Convenience sampling: the participants are consecutively selected in guild of apperance according to their user-friendly accessibility (also known every bit consecutive sampling). The sampling process comes to an cease when the total corporeality of participants (sample saturation) and/or the time limit (fourth dimension saturation) are reached. Randomized clinical trials are usually based on convenience sampling. After sampling, participants are ordinarily randomly allocated to the intervention or control group (randomization).ⁱⁱⁱ Although randomization is a probabilistic process to obtain ii comparable groups (treatment and command), the samples used in these studies are generally not representative of the target population.

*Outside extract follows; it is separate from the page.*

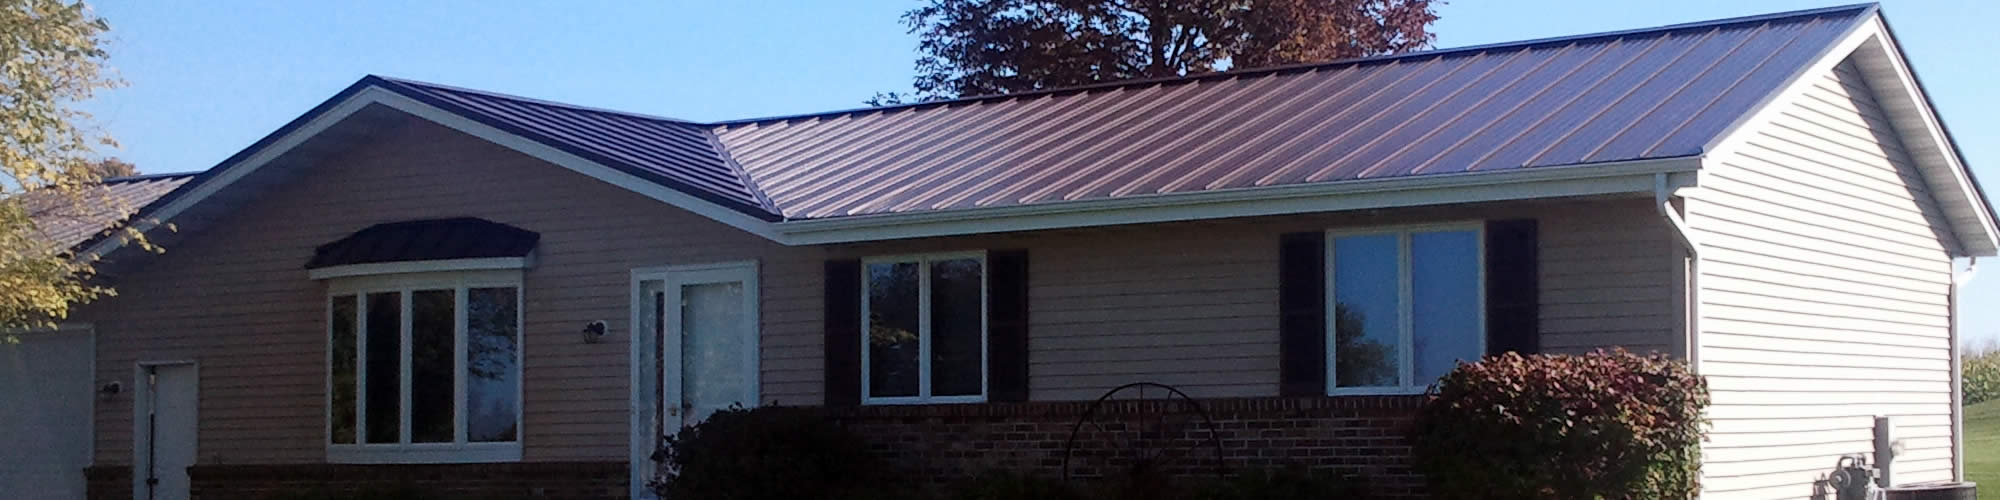 Standing Seam Metal Roofing Contractor near me

Purposive sampling: this is used when a diverse sample is necessary or the stance of experts in a particular field is the topic of interest. This technique was used in the written report by Roubille et al, in which recommendations for the treatment of comorbidities in patients with rheumatoid arthritis, psoriasis, and psoriatic arthritis were made based on the opinion of a group of experts.^six

Quota sampling: according to this sampling technique, the population is first classified past characteristics such every bit gender, age, etc. Later on, sampling units are selected to complete each quota. For example, in the written report by Larkin et al., the combination of vemurafenib and cobimetinib versus placebo was tested in patients with locally-avant-garde melanoma, stage IIIC or 4, with BRAF mutation.⁷ The study recruited 495 patients from 135 wellness centers located in several countries. In this type of written report, each center has a "quota" of patients.

"Snowball" sampling: in this case, the researcher selects an initial group of individuals. Then, these participants indicate other potential members with like characteristics to take part in the study. This is often used in studies investigating special populations, for example, those including illicit drugs users, as was the case of the study by Gonçalves et al, which assessed 27 users of cocaine and crack in combination with marijuana.^eight

PROBABILISTIC SAMPLING

In the context of probabilistic sampling, all units of the target population have a nonzero probability to have office in the study. If all participants are equally likely to exist selected in the study, equiprobabilistic sampling is existence used, and the odds of being selected by the research team may be expressed by the formula: P=ane/N, where P equals the probability of taking part in the written report and N corresponds to the size of the target population. The main types of probabilistic sampling are described below.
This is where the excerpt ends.